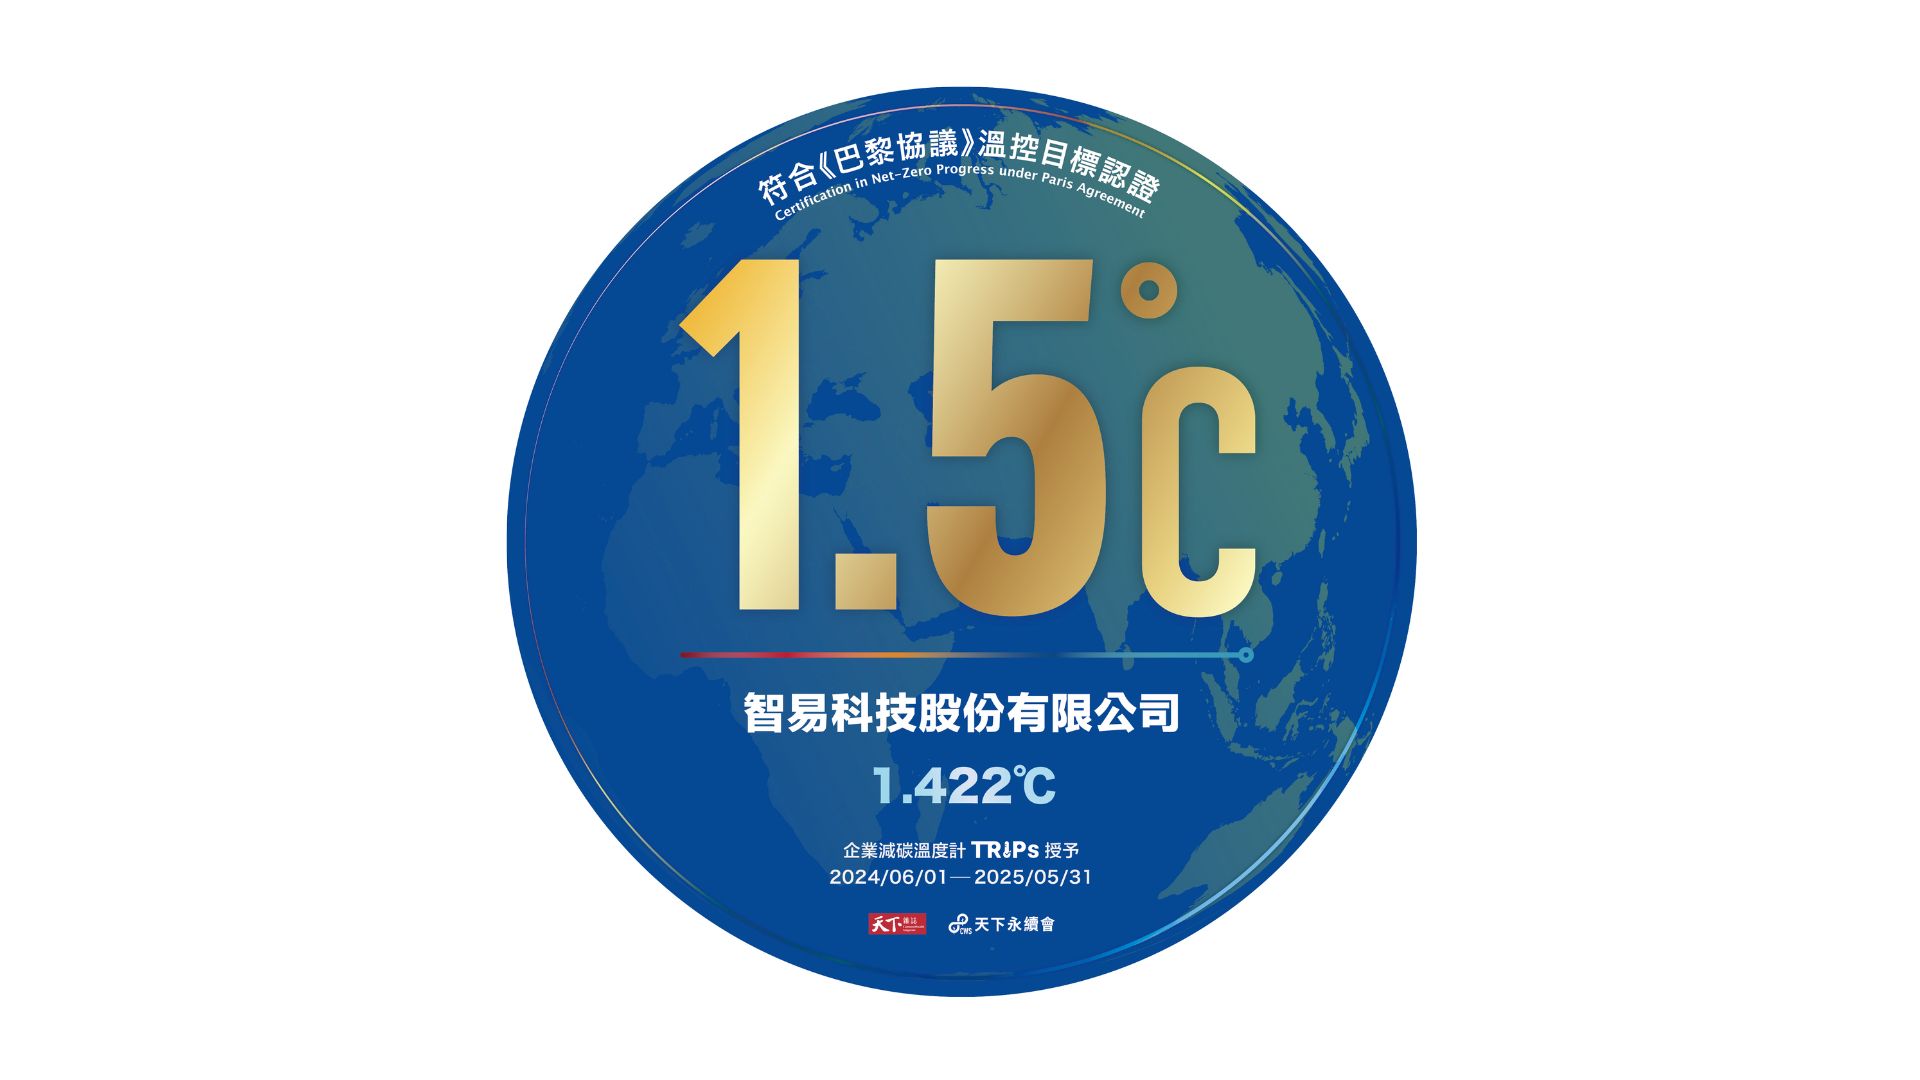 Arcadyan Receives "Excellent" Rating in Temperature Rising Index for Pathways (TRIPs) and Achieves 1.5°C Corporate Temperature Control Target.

...

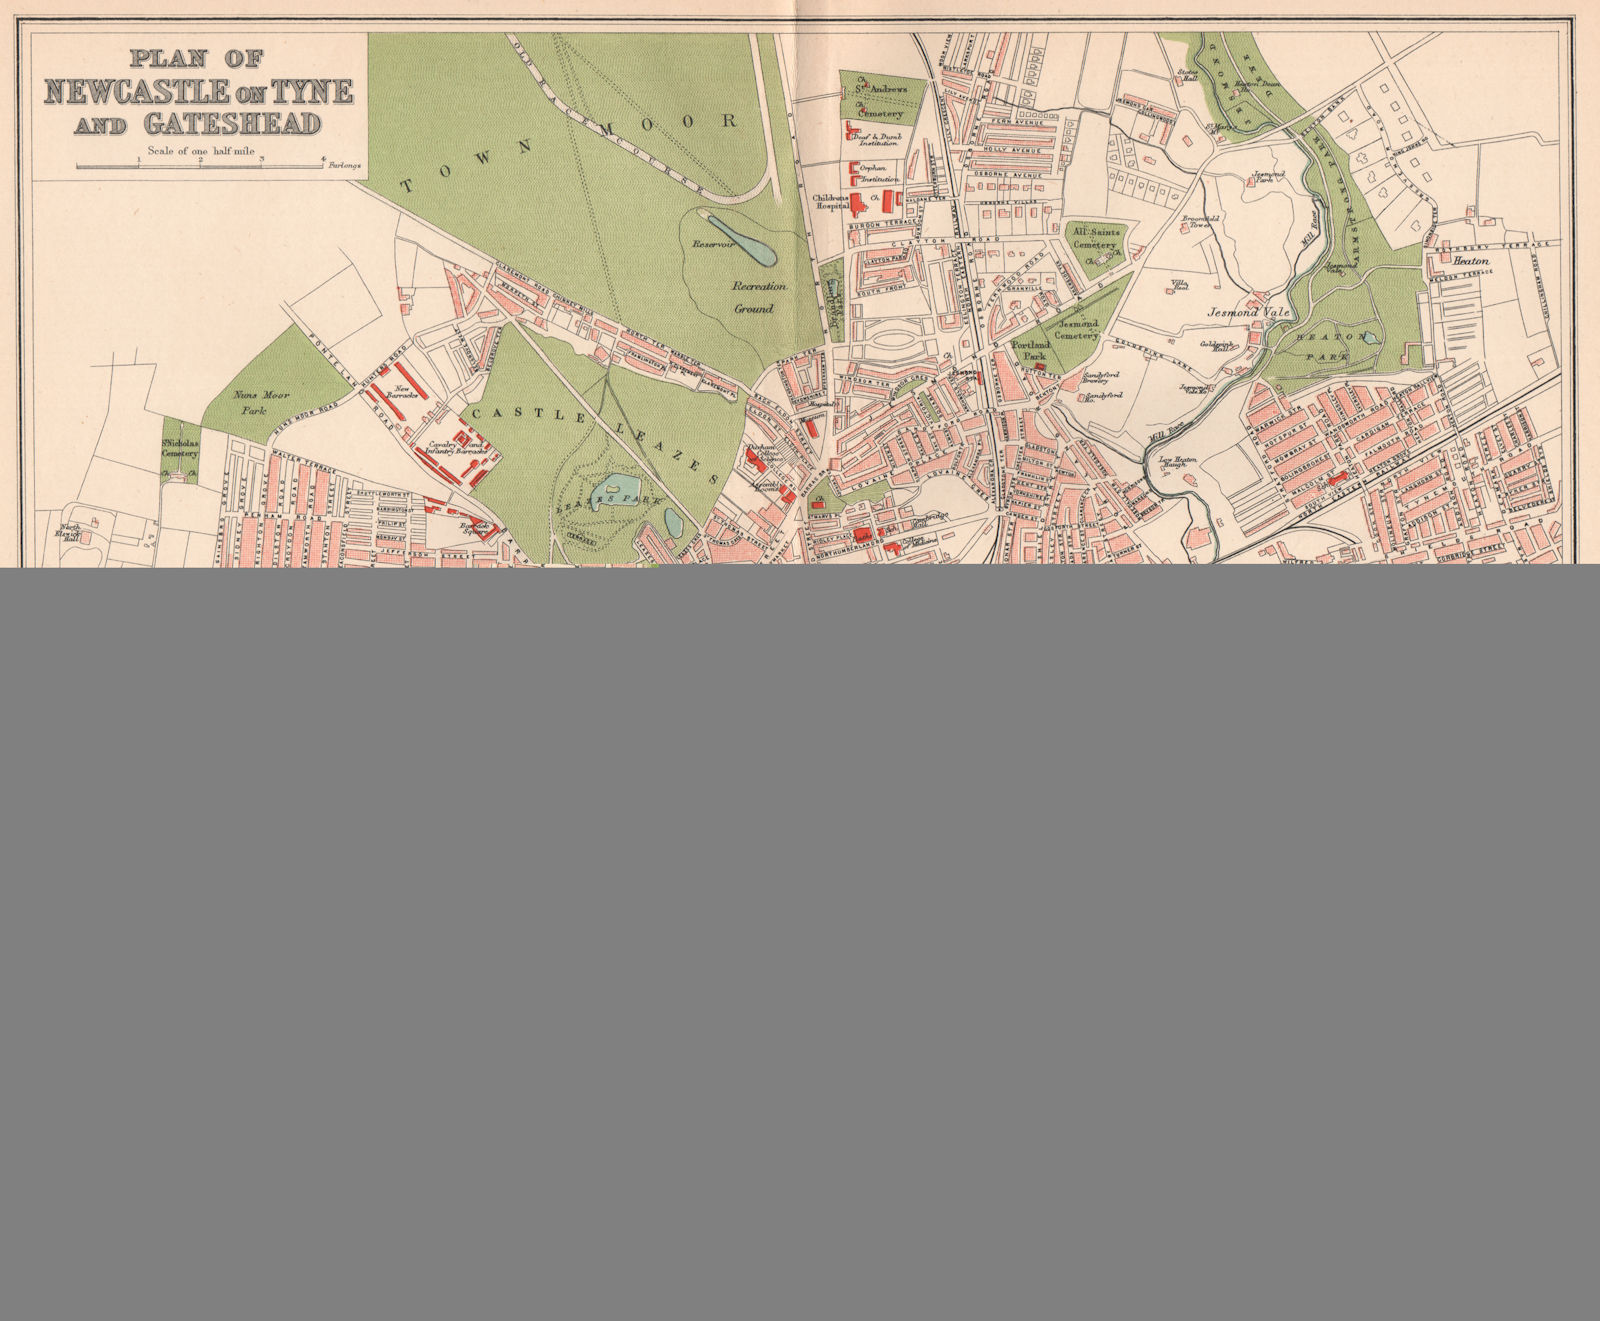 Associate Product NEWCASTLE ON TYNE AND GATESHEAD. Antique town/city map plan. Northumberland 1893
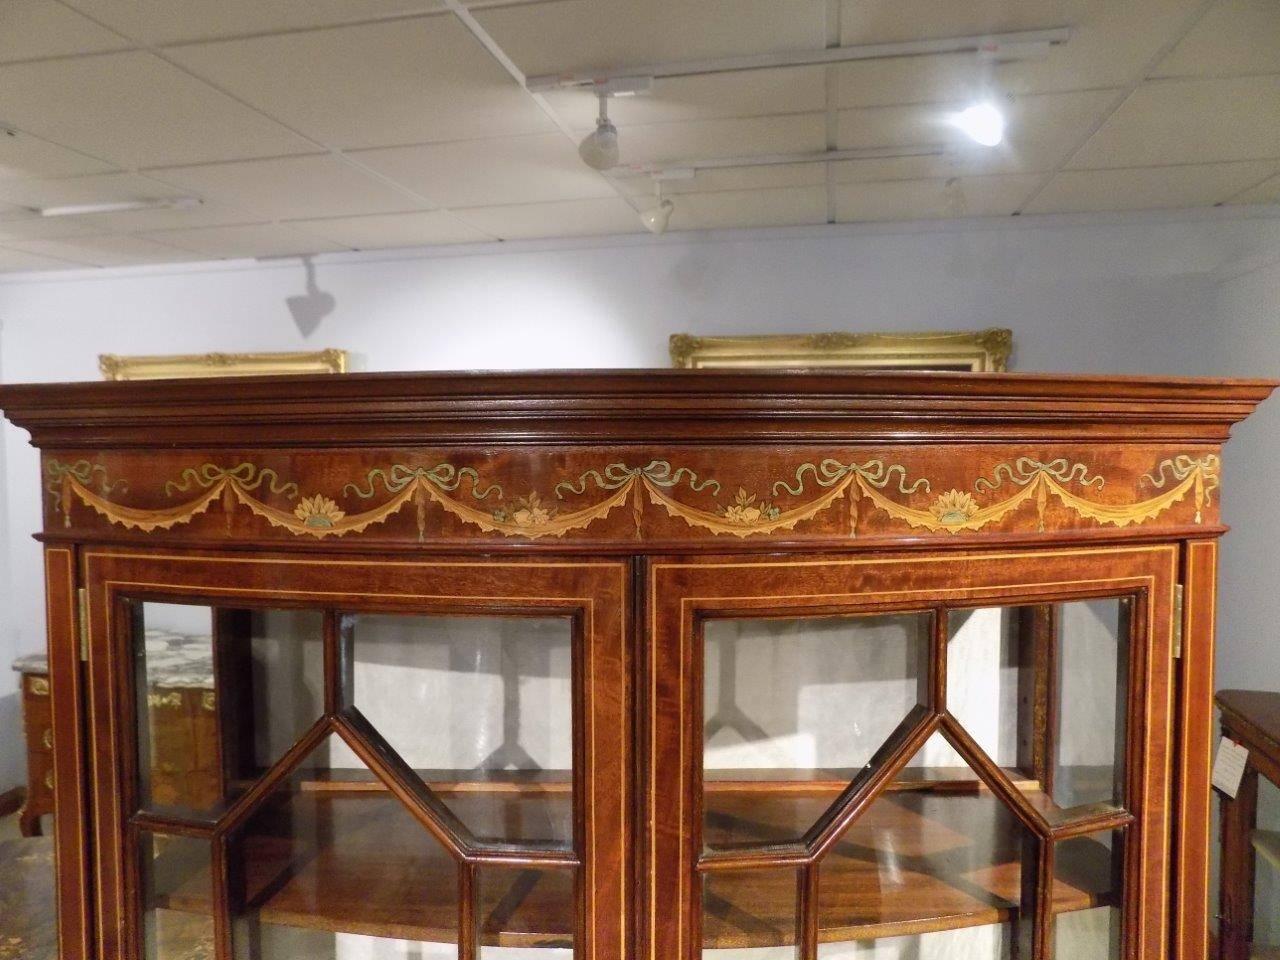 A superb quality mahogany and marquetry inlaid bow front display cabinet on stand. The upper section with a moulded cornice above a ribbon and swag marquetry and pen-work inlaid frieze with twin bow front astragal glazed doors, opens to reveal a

...

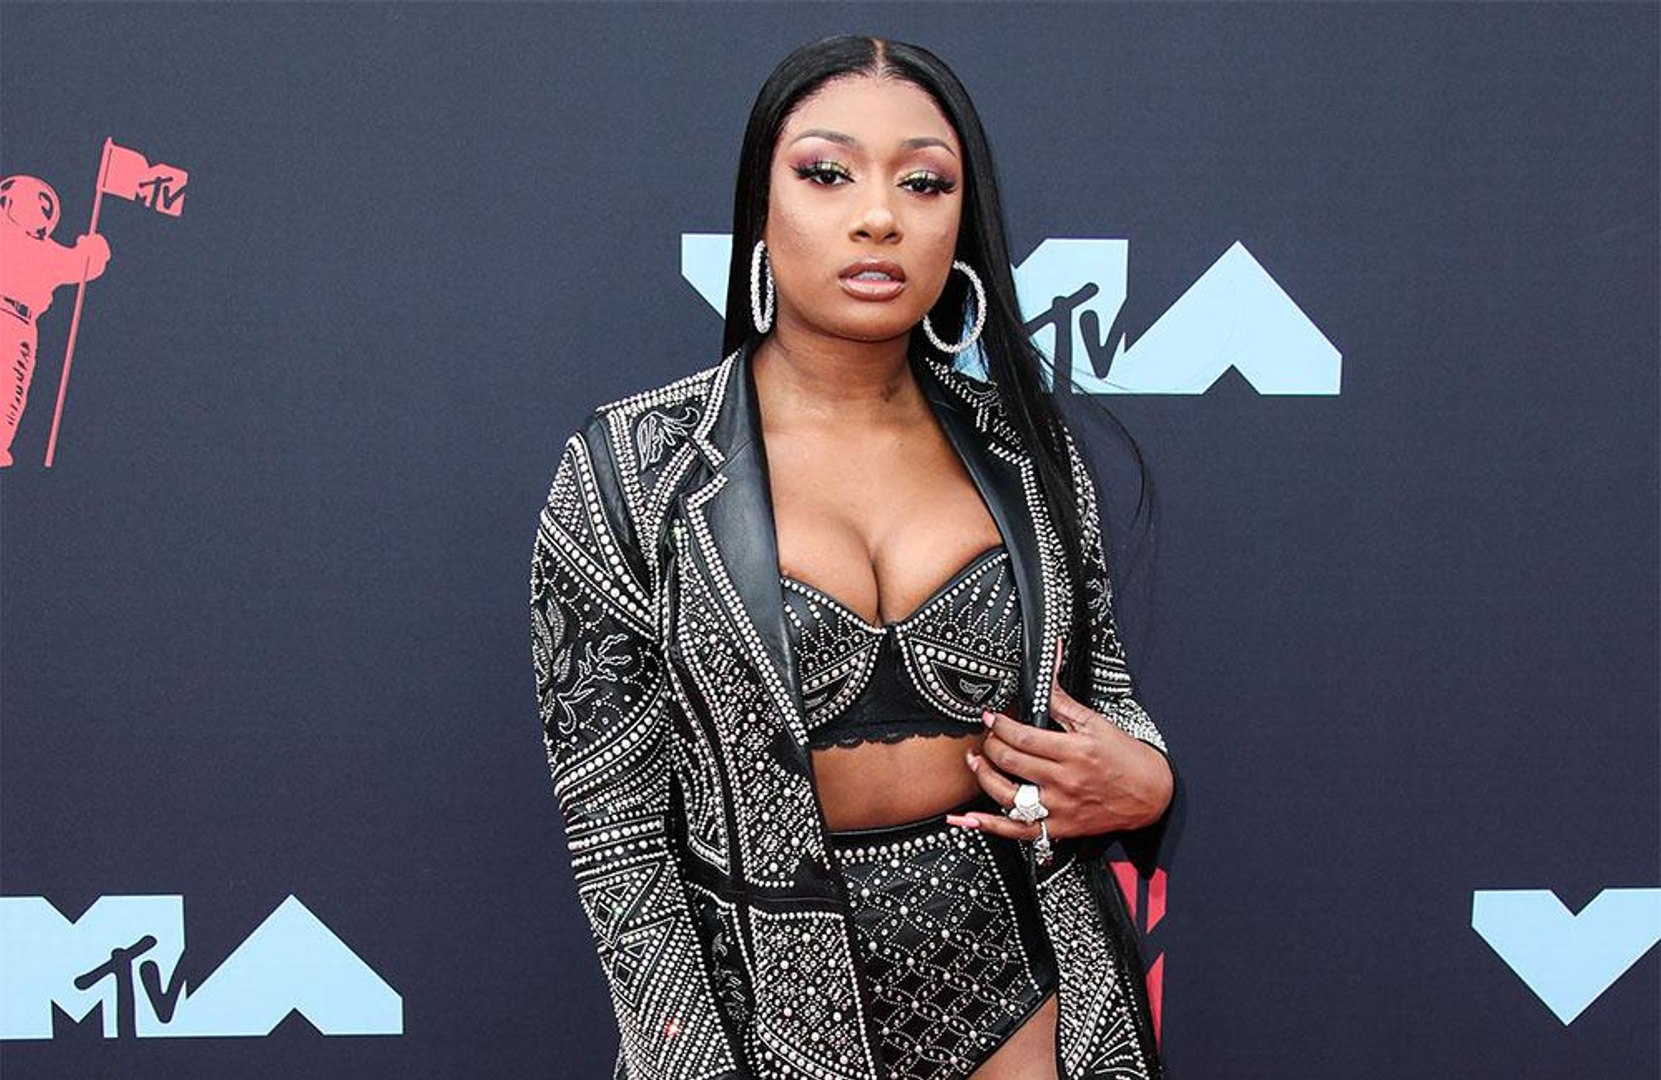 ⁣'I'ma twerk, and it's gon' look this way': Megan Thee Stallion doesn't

◆ Exercise requirements:
Taking the records above, print only and exactly the lines from the line with "Associate Product NEWCASTLE" to the line with "A superb quality", both kept, and exclude pictures.

◆ Response to the exercise:
 Associate Product NEWCASTLE ON TYNE AND GATESHEAD. Antique town/city map plan. Northumberland 1893
 A superb quality mahogany and marquetry inlaid bow front display cabinet on stand. The upper section with a moulded cornice above a ribbon and swag marquetry and pen-work inlaid frieze with twin bow front astragal glazed doors, opens to reveal a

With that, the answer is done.